Hail, Hail: Belly and the making of King

Together for barely four years, Belly, the Rhode Island band made-up of Tanya Donelly, Gail Greenwood, and brothers Tom and Chris Gorman, managed an unexpected amount of success during a period in the early ‘90s when music that often had little in common was sold in very large quantities, under the catch-all term “alternative.” And twenty years after abruptly announcing their break-up, it feels like they came and went in a flash. “It was really fast,” is how Donelly describes the band’s early trajectory. “The locomotion started almost out of the gate. There was no slow build. Which made it very exciting but, also, I think we were all just kind of freefalling for a while because it was like, 'What's happening?' ”
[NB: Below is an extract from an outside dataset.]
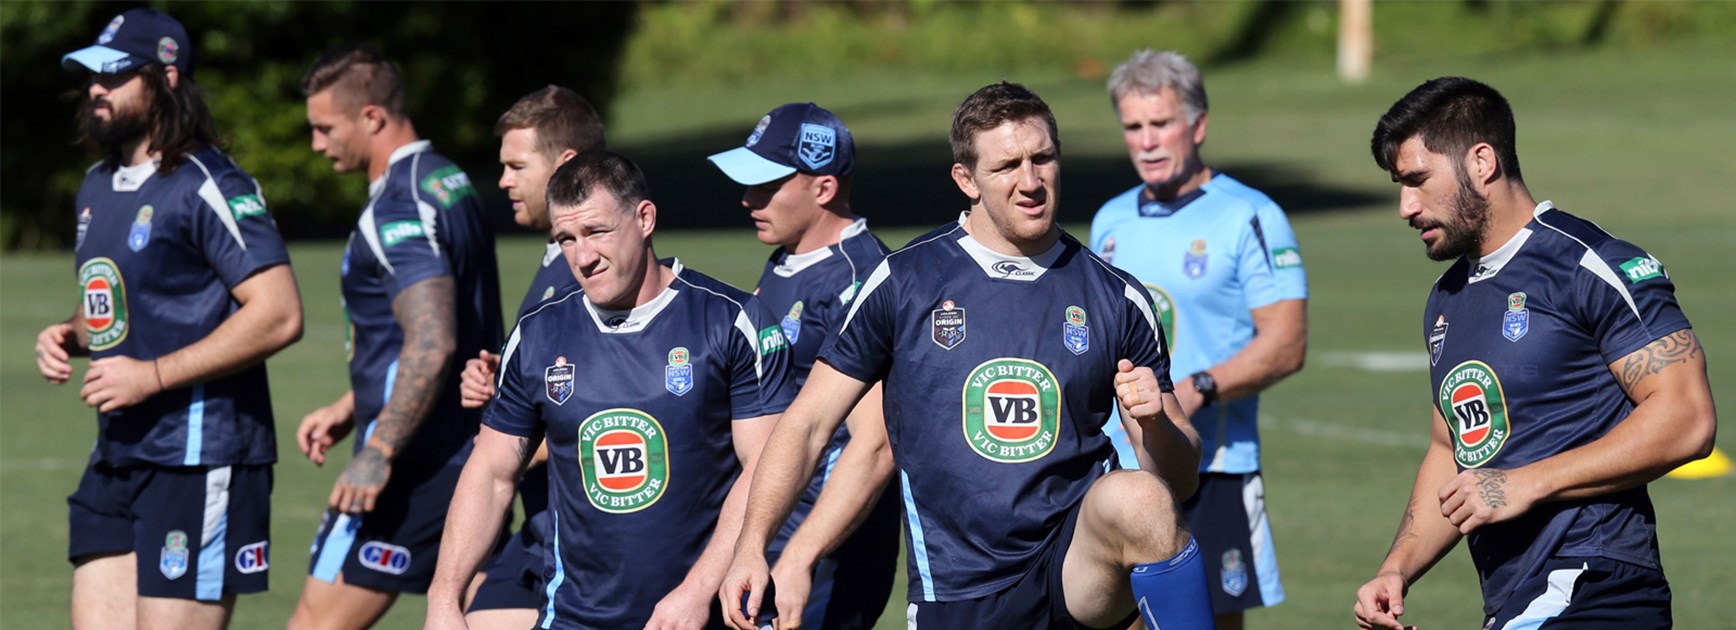 The NSW Blues kick off their training camp ahead of State of Origin III.

Belly’s early momentum was helped along by the decade of work Donelly had already put in. She founded Throwing Muses with her half-sister, Kristin Hersh, while both were just in high school, and in 1986, when Donelly was only 19 years old, the band signed to the English label 4AD. Throwing Muses was the first American band to sign with 4AD, where they joined a roster that included The Birthday Party, Bauhaus, Modern English, Dead Can Dance, The The, and Cocteau Twins. Throwing Muses would also help bring their friends in The Pixies to the attention of the label. Both bands were part of a bustling Boston music scene that included The Lemonheads, Blake Babies, Galaxie 500, and Big Dipper. “There were moments of awareness where you felt like, ‘There is so much good music in this town,’ ” says Donelly. “Bands like the Neighborhoods, and the Zulus, and Lazy Susan, who were amazing. Aside from the ones that got a lot of exposure, the whole scene was so rich at that time. You could go out any night of the week and see something amazing. It was really a special time.”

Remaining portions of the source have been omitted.